Adventures in Oracle Parallel Index Creation

Adventures in Oracle Parallel Processing

So currently I'm working on a large database rebuild. We are moving from a single node instance to a 3-node RAC System on Oracle 10g. The database is roughly 3 terabytes in size and we keep 18 months of rolling history. I wanted to repartition the tables during this move so instead of just doing a data file move I am re-creating the tables and then using datapump import to get the data into them. Once the table and data is there then I will build all the indexes manually. The tables will be partitioned by month and then sub partitioned by hash (a sequence number field so it is unique). As I said, we keep an 18 month rolling window of partitions available and once a month ends that partition's data is compressed and is essentially read only, although we don't actually make it so there is nothing that will ever write to it again. It's used strictly for historical reporting purposes.

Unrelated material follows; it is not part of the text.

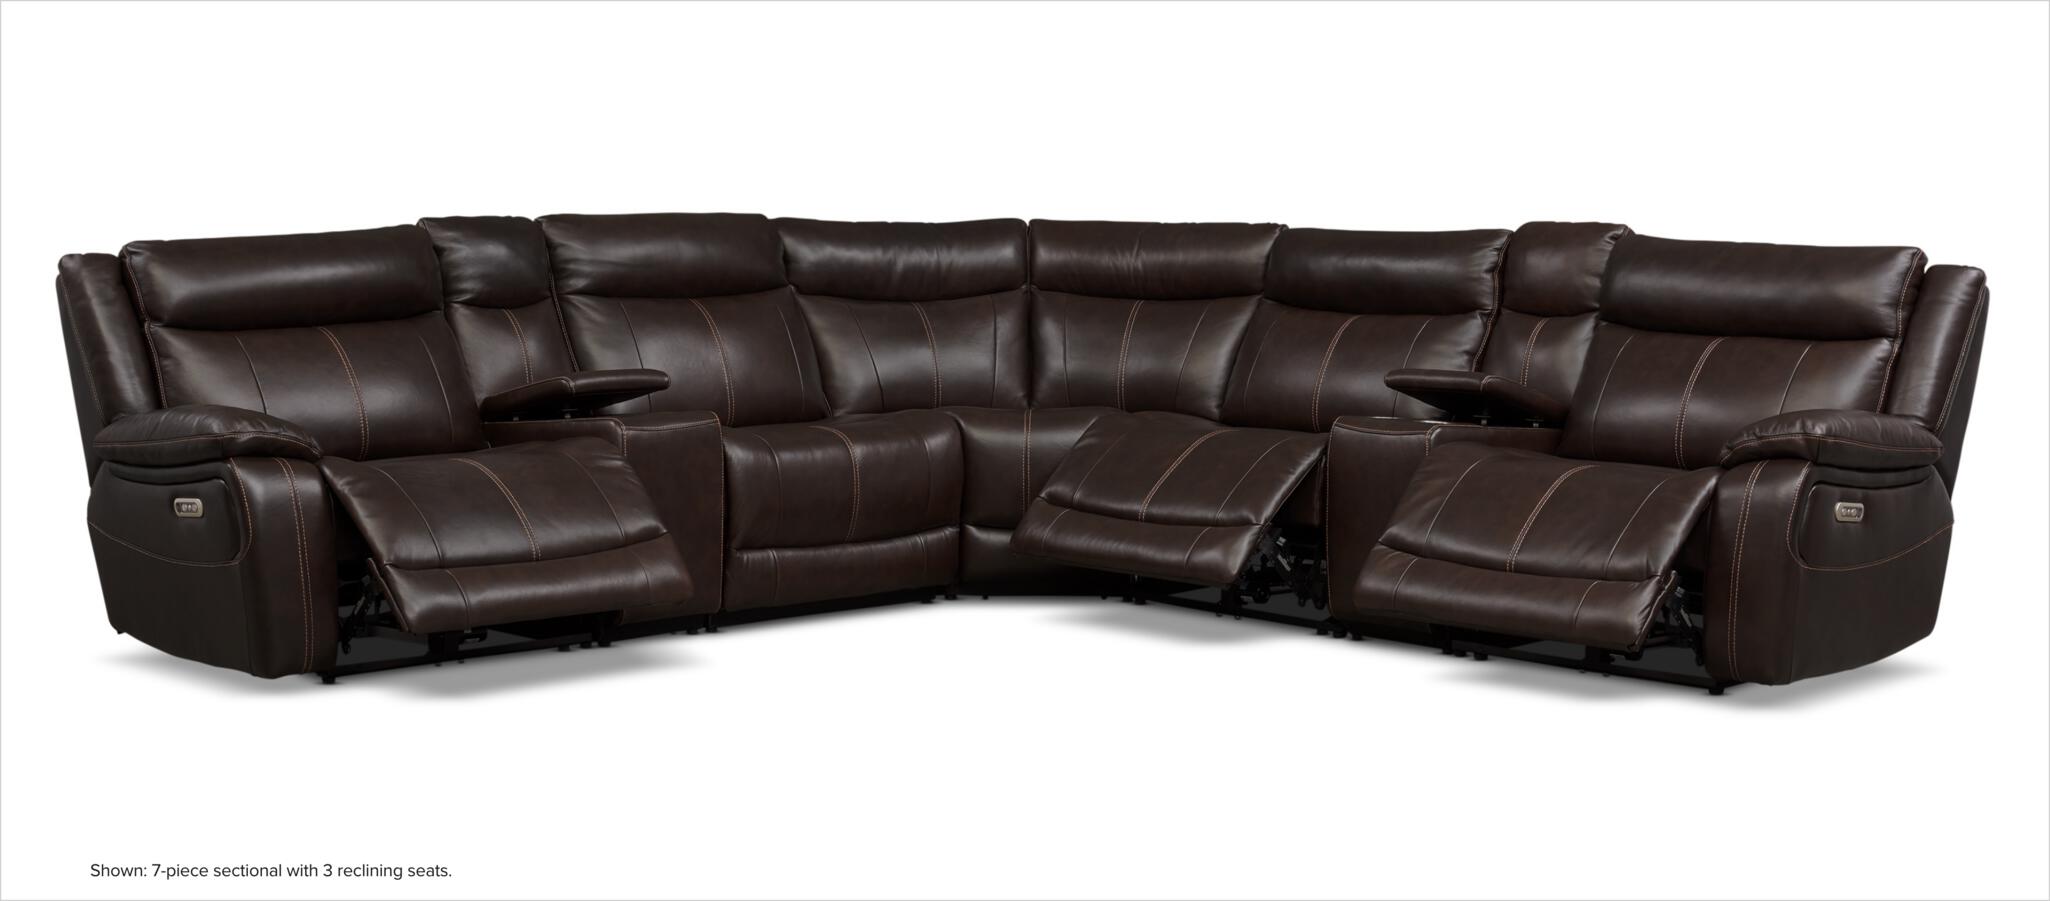 Vince 7-piece sectional with 3 reclining seats.

The first time I ran the process I ran into two problems.

Problem #1:

Unless you specify pctfree 0 in the index create scripts it will use the tablespace default which in my case was 10%. Because these partitions exceed 100gig each and sometimes more I was basically wasting 10+ gig per partition and after 18 partition loads it was over 200gig of wasted space.

Problem #2:

I had specified parallel in the index create scripts but not specified degree or instance relying instead on Oracle to make the right choices with regard to both of these parameters. I also was multitasking the index creation and running three of them simultaneously, thinking that with a 3 Node RAC system this would not be a problem. Upon running them though I was finding that the average index creation time was 8-10 hours each! This was certainly unacceptable as I have over 50 indexes to create in the database.

Solution:

I reworked the scripts and dropped the tablespaces. I added pctfree 0 to the scripts and kept the parallel at the default level but decided to run them one at a time. To my surprise the indexes were each completing in about 1 to 1.5 hours each! When I looked at the session this time oracle had created 32 parallel processes per node and was churning away using all the resources that it could and it was fast! I decided to post on this because I attended the Southeast Oracle Users's conference today and while listening in on one of the presentations the presenter suggested that we should ALWAYS specify the degree of parallelism and instantiation. In this case it is not true. Hope you enjoyed reading and until next time.

Bill Schoonmaker
Database Guy